Now it was her turn to chase them and bring them back to their cage. For the last ten years, she never cleaned the backyard, so the backyard was full of junk and some old agricultural tools.
Within a few minutes, Caroline succeeded in locking her birds into the cage. But she could not bring herself back into the house safely. The wind was so sharp, and the old saw suddenly struck her head. Then she tripped and fell to the ground. After that, she could not move an inch. She knew her hip was broken, and her head continued to bleed. She screamed for help, but nobody was around her to listen. Finally, she lost consciousness.
After the weather calmed down, the little boy in the neighborhood came to get some eggs from the old lady. Instead, he found her lying down on the ground. The boy ran back to his house and told his parents, and they had called 911. Caroline lived that day but with a broken hip and head. His head wound required 18 staples to close the wound. Her broken hip required surgery, but Caroline was not ready to leave her birds alone. Later on, her son arrived, took responsibility for the birds, and convinced his mother to stay at the hospital for further treatment.
her son was gone and but Caroline kept asking the staff, “Do I really need to stay in the hospital?” She was such a pleasant lady, and the staff members were very happy to take care of her. She was telling all the stories. Then, suddenly, she said, “honey, I really don’t know what to do with the ducks’ eggs.” I could not stop myself from advising her to contact a local Asian restaurant.
“Well,” she asked the same question from everyone, including me, admitting physician, and the surgeon, “do I really have to stay in the hospital. I don’t trust my son when it comes to taking care of my birds. He may eat my birds after barbecued them.”
She was sent to rehab after having her hips surgically fixed. After four weeks, along with her son, Caroline returned to the hospital again. But, no, she was not sick. Instead, she brought 28 chicken eggs for us. She appeared very happy, and she told me, “Those 28 eggs in a week have saved my life. Oh, honey, I also contacted the local Chinese store. They appreciated it and told me that they would love to take ducks’ eggs. So I don’t have to waste them anymore. Thank god, my son didn’t eat my birds.”

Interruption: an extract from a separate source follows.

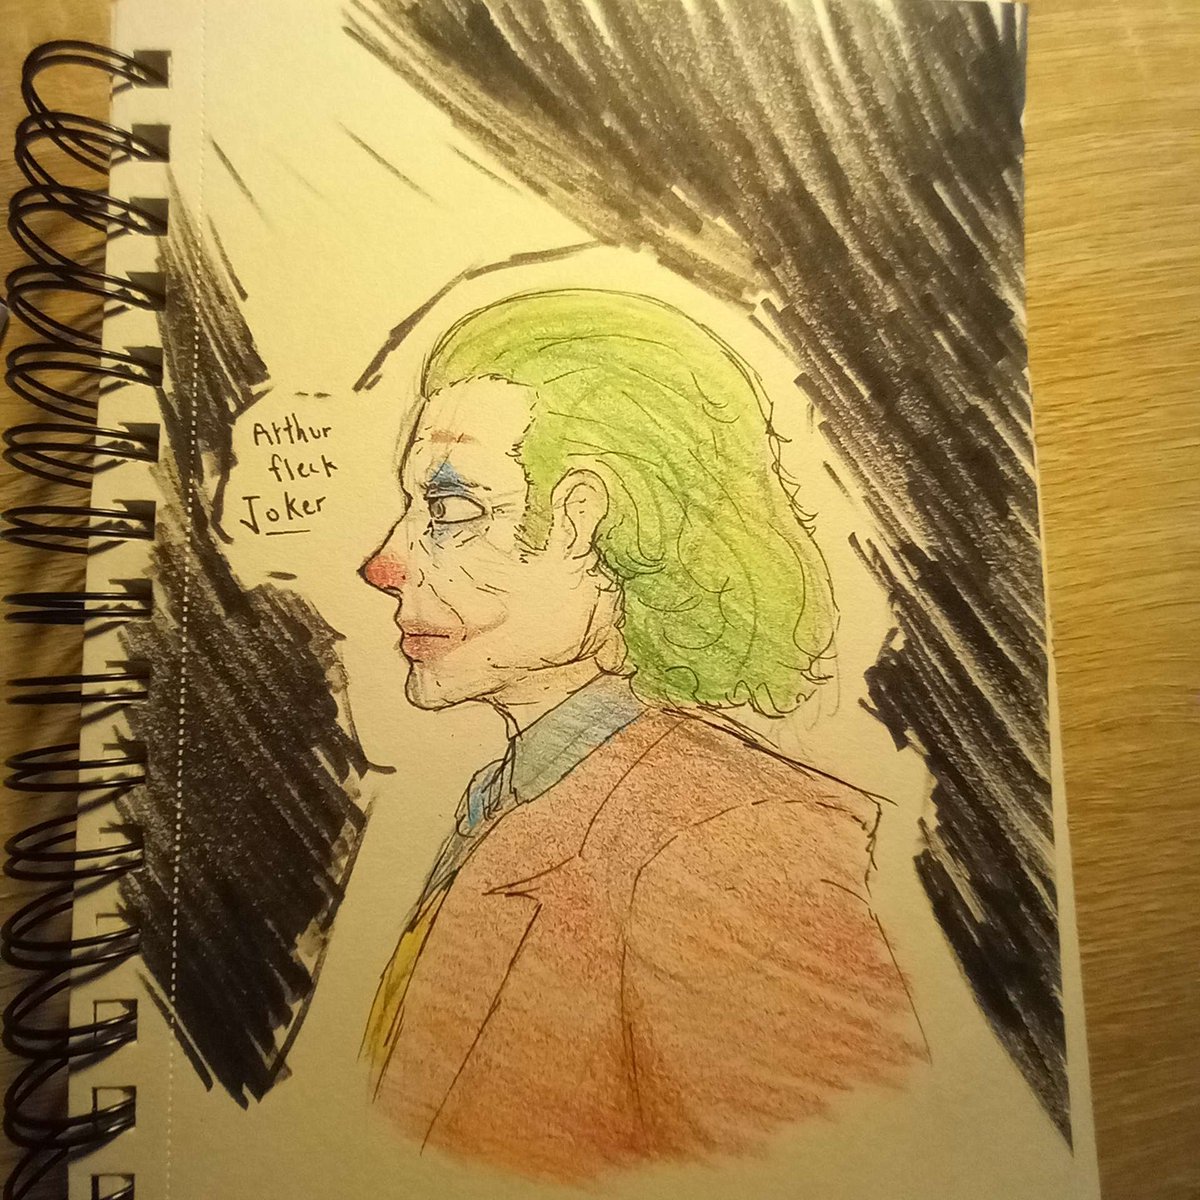 drew joker
#Joker #jokermovie #joker2 #arthurfleck #jokerfanart

Now, Caroline is curious, “do they really eat ducks’ eggs?”
Caroline is happily living with her birds now. But her son keeps his eyes on her. He had installed the camera, so he can continue to monitor her. So now, Caroline happily wears an emergency alarm necklace. This is the only way she can stay close to her birds.
Yes, Caroline believes that 28 eggs a week has saved her life. We all agree with Caroline. She could have died or suffered more that day, but the little boy became her angel, so he went to pick up the eggs from her house. What if she did not have 28 eggs in a week? She might not have gone outside if she had not had the birds. But, on the other hand, if she didn’t give the eggs to the people for free. What could have happened to Caroline in this case scenario? Only the almighty has an answer to this question. Right now, we all agree that 28 eggs a week saved her life.